Auftragssharing und Grillwürste

Fotostudio Z21

Im Studio Z21 haben sich sechs Fotografen nach Ihrer Ausbildung am Lette-Verein zusammengetan. Sinn ihrer Bürogemeinschaft war nicht nur, sich Räume zu teilen, sondern auch, sich gegenseitig beim Berufsstart unter die Arme zu greifen. Und obwohl sich die Besetzung schon mehrfach geändert hat, ist die Gründungsidee, sich bei der Arbeit zu unterstützen, erhalten geblieben. Schon seit sieben Jahren beschäftigen sich Daniela Eger, Nico Hesselmann, Peter Maasz und Uwe Arens. Mit redaktioneller Fotografie, Werbefotografie und digitale Bildbearbeitung, zusammen mit dem Maskenbildner C.I.S.E.L, der seine Werkstatt unter dem Dach der Z21er hat. Die Gemeinschaftsstruktur bringt viele Vorteile mit sich, z.B. Erfahrungsaustausch, gegenseitige Kritik und Hilfestellungen. Da jeder der fünf Fotografen einen unterschiedlichen Schwerpunkt hat, profitiert der eine vom anderen. Auch die Praktikanten und freien Mitarbeiter können auf die unterschiedlichen Erfahrungen der Z21er zurückgreifen und nutzen das kreative Klima für ihre eigene Inspiration.
Durch Mundpropaganda erfuhren sie von leerstehenden renovierten Räumen, die für die Zwecke eines Fotostudios sehr gut geeignet waren. ” Wir hatten schon davor zweimal ein Studio in Mitte und zogen vor zwei Jahren so ziemlich als erste in diesen Komplex. Es ging uns darum, dass alles gut erreichbar ist.” Zur Debatte stand auch Kreuzberg, aber die zentrale Lage und die Infrastruktur, in der sie auch vorher schon arbeiteten, sprachen für die Wolliner Straße. Zu dem ganzen Hof sagen sie: “Es ist eigentlich ein großes Glück, dass sich diese Leute hier angesiedelt haben, denn beworben haben sich auch genug Firmen aus anderen Bereichen wie z.B., äh, Internet. Ob die Ansammlung von Kreativen reiner Zufall ist oder der Vermieter dabei einen Schwerpunkt gesetzt hat, keine Ahnung.” Jedenfalls findet man hier einen bunten Querschnitt durch die moderne Dienstleistungswelt. Über Z21 sitzt eine Bookingagentur, darüber Flora&Fauna. In den anderen Aufgängen haben das Label “R.O.T”, das Sonarkollektiv und die Leute von “dj-sets.com” Arbeitsräume gefunden. Außerdem gibt es hier noch einen Verein, der sich um die soziale Betreuung von Jugendlichen kümmert, sowie die Kirche von unten (Kvu – dem Punk-Club), einen Billardsalon und das Restaurant “Schildkröte”, dem Treffpunkt, bei dem man sich beim Essen büroübergreifend austauscht. Die bunte Mischung ist interessant und bildet ein angenehmes Arbeitsumfeld. “Es freut uns, dass es hier die sozialen Einrichtungen gibt, und die ‘Kirche von unten’ hat im Hof oft leckere Würstchen gegrillt und gefeiert.” Insgesamt arbeiten hier schätzungsweise einhundert Leute, die letzten erst seit sechs Wochen. Oft läuft man sich nicht über den Weg, denn meist ist man ja nur zum Arbeiten hier, und da bleibt nicht soviel Zeit zum gemeinsamen Plaudern. Uwe hat schon einmal auf der gleichen Etage mit den Jazzanovas gearbeitet: “Wir laden uns zwar immer auf Kaffee und Kuchen ein, aber die Zeit dazu haben wir noch nicht gefunden.”

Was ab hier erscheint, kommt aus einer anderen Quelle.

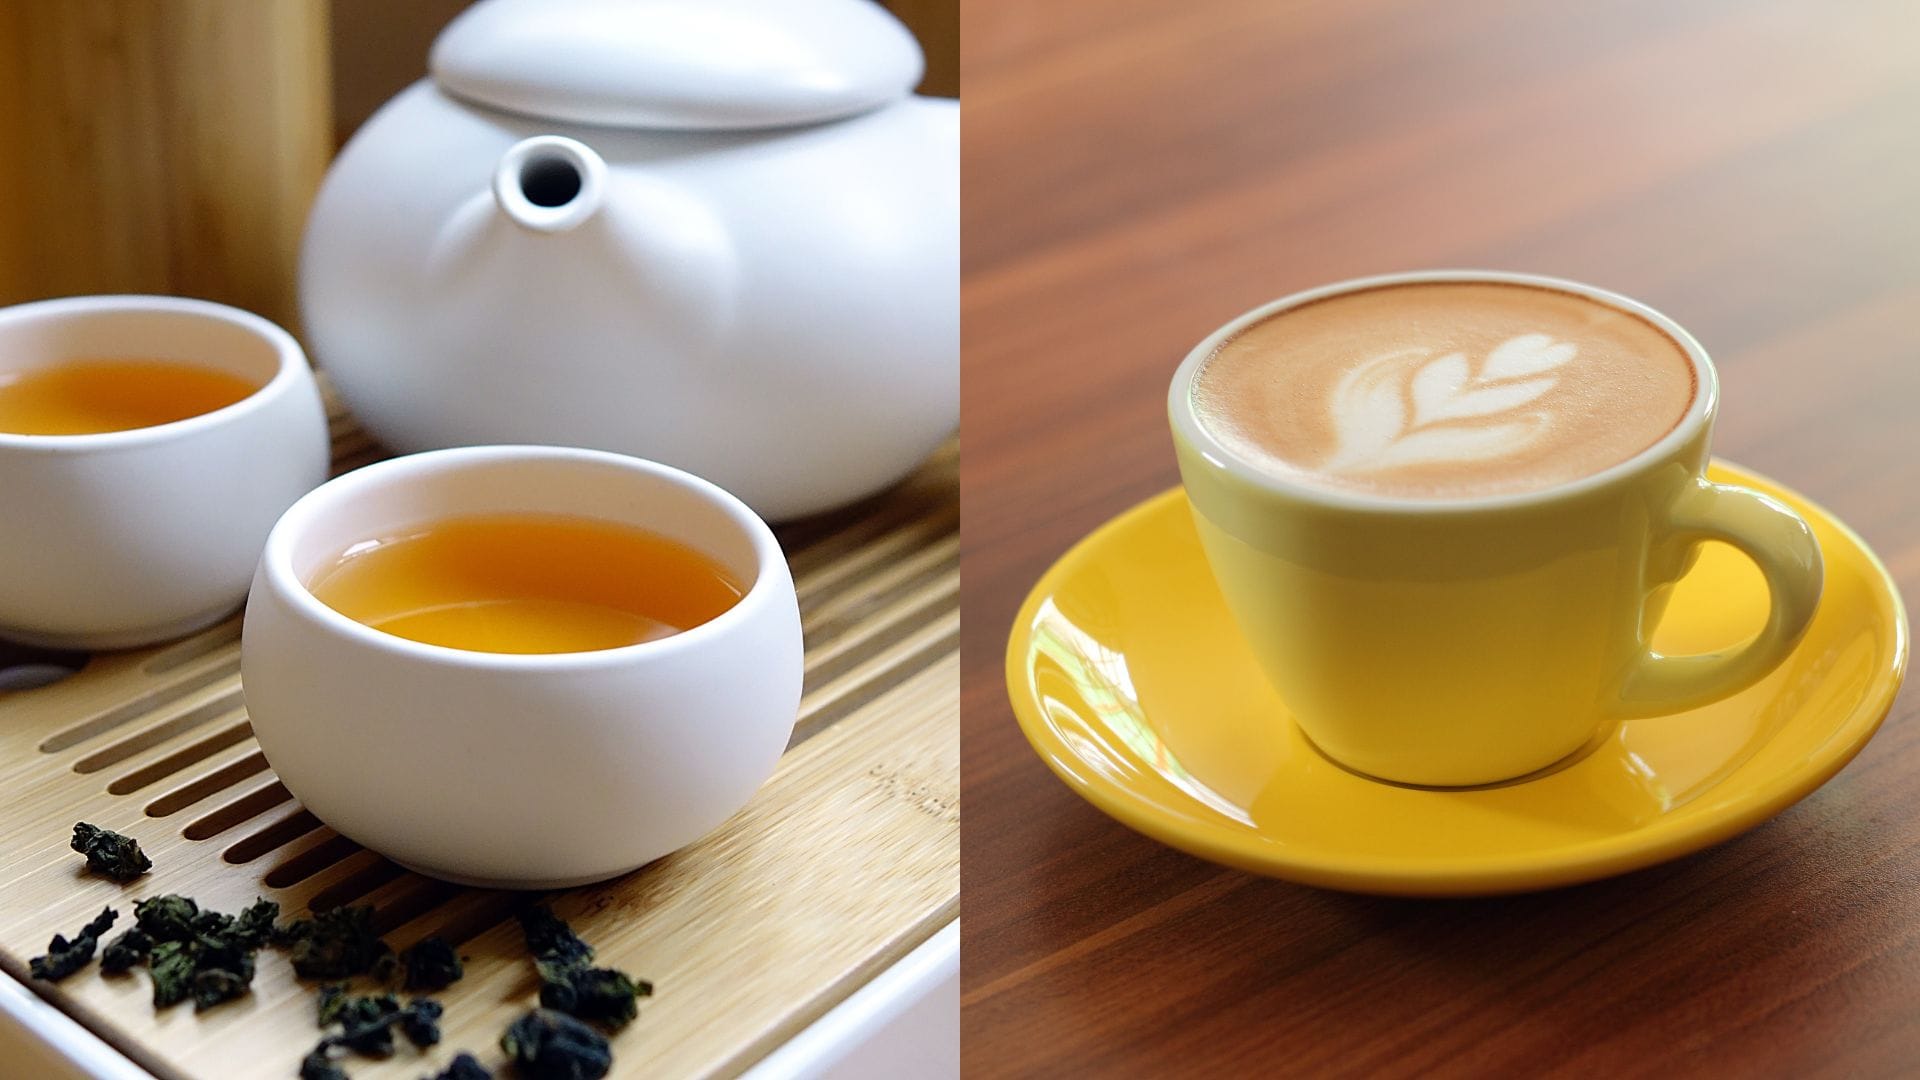 Oolong Tea vs. Coffee

Man weiß nur ungefähr, was die anderen hier machen. Um wirklich miteinander arbeiten zu können, kennt man sich noch zu wenig. Doch ein paar kleinere Aufträge hat es schon gegeben. Ein bisschen mehr Sozialisation täte gut –ein Hoffest könnte dazu beitragen, sich näher kennen zu lernen. Doch der wird gerade erst begrünt (unser Hof soll schöner werden), und bis dahin machen die Baumaschinen noch richtig Lärm.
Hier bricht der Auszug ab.